UNIT 5: Philips Curve
Philips curve
The long-run Philips curve (LRPC)
- Because the long-run Philips curve exists of the natural rate of unemployment (Un), structural changes in the economy that affect Un will also cause the LRPC to shift.
- Increase in Un will shift LRPC o the right.
- Decrease in Un will shift LRPC to the left.
Short run Philips curve (SRPC)
1. There is a tradeoff between inflation and unemployment. As one increase the other decrease and vice versa.
Long run Philips cure (LRPC)
1. There is no tradeoff between inflation and unemployment.
2. LRPC is represented by a vertical line.
3. The LRPC occurs at the natural rate of unemployment.

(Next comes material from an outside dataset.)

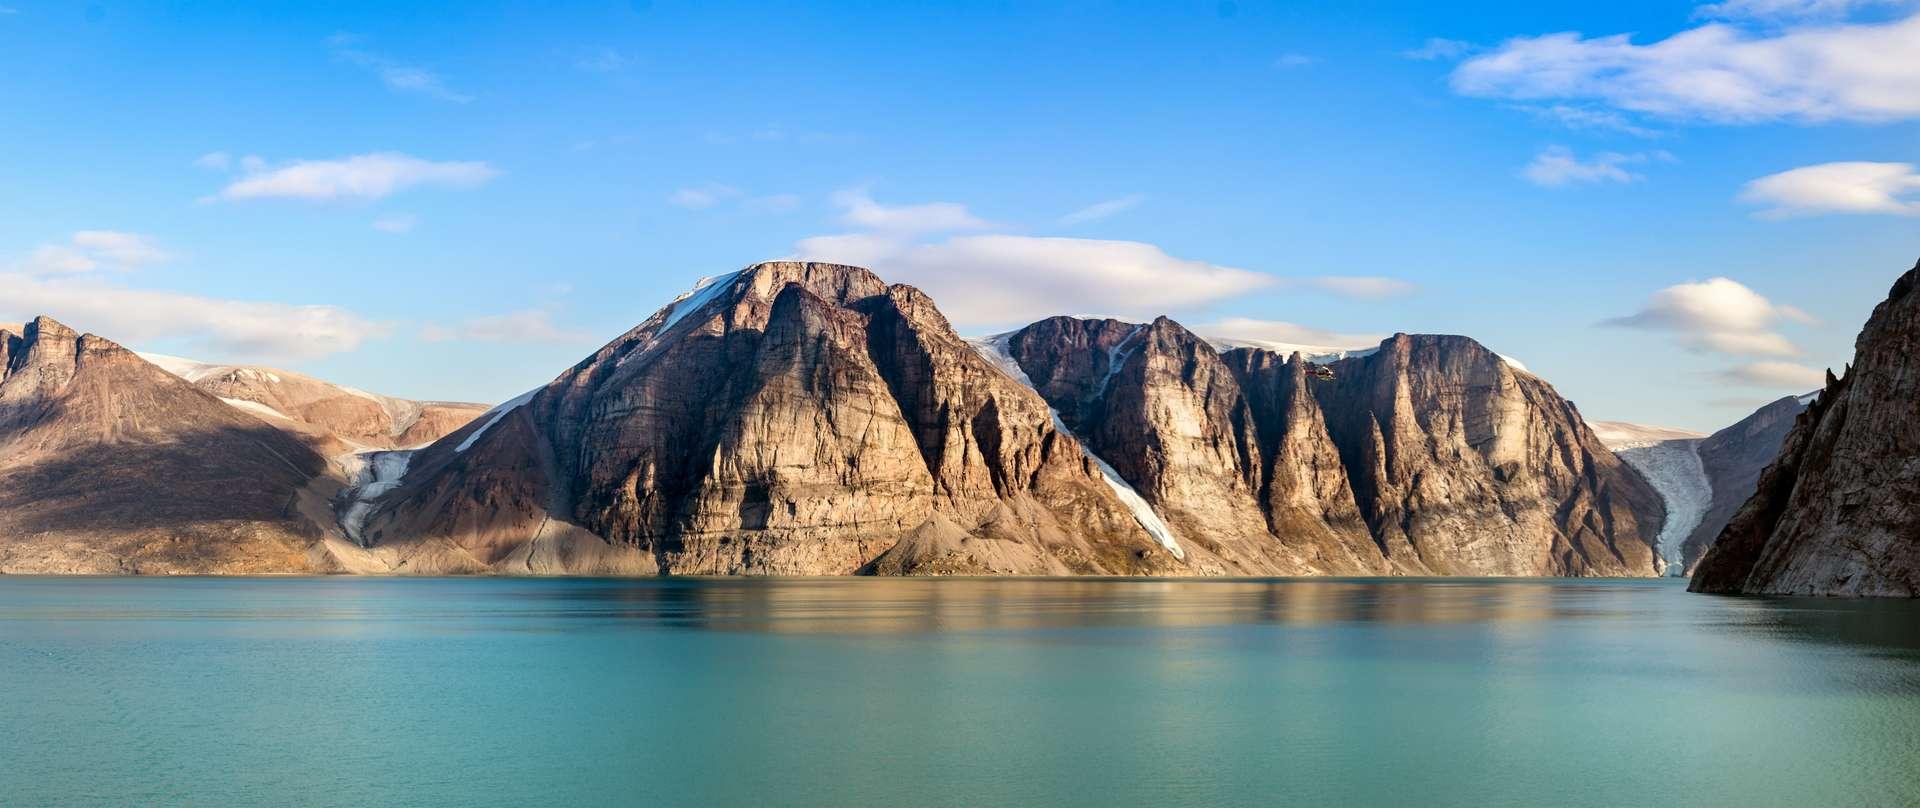 L'île de Baffin est la plus grande île du Canada. Elle se situe dans l'archipel Arctique. © Ruben, Adobe Stock
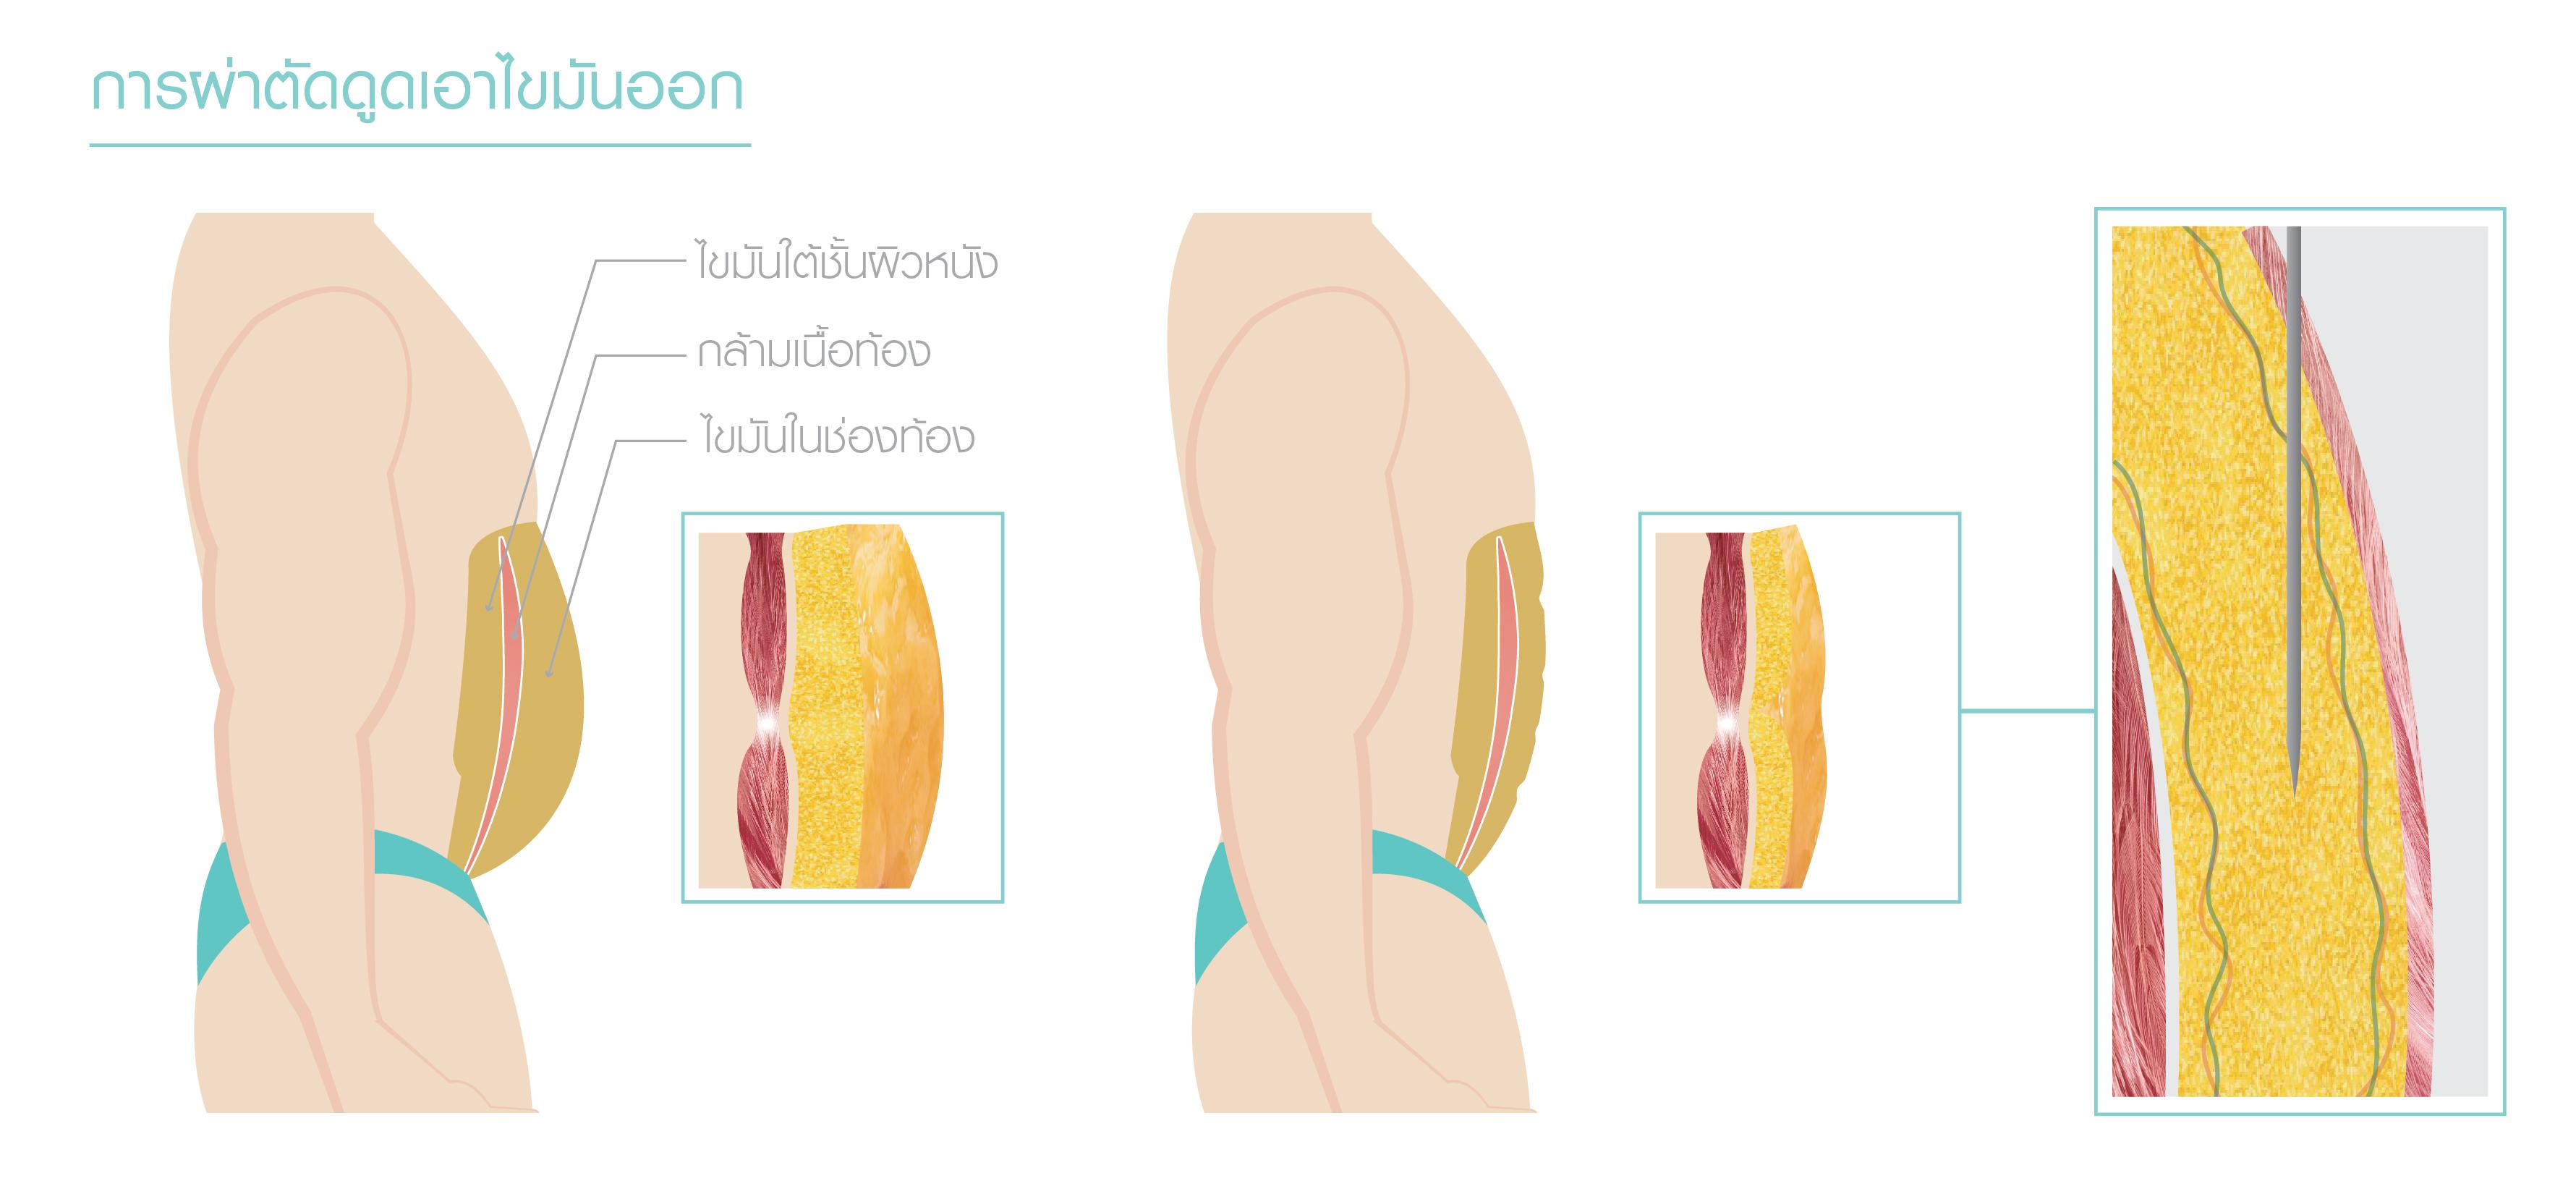 บริเวณไขมันช่องท้อง คือส่วนที่แพทย์ดูดไขมันออก เพื่อสร้าง Six Pack

4. The LRPC only shifts if the LRAS shifts
NRU = frictional + structural + seasonal unemployment.
What changes LRPC
The major LRPC assumption is that more worker benefits create higher natural rate of unemployment and fewer worker benefit creates lower natural rate.
The misery index
It is a combination of inflation and unemployment in a given year.
- Single digit misery is good.
Inflation:
It is the general rise in the price level
Deflation:
A general decline in the price level
Disinflation:
Decrease in the rate of inflation over time
Stagflation:
Unemployment and inflation increasing at the same time.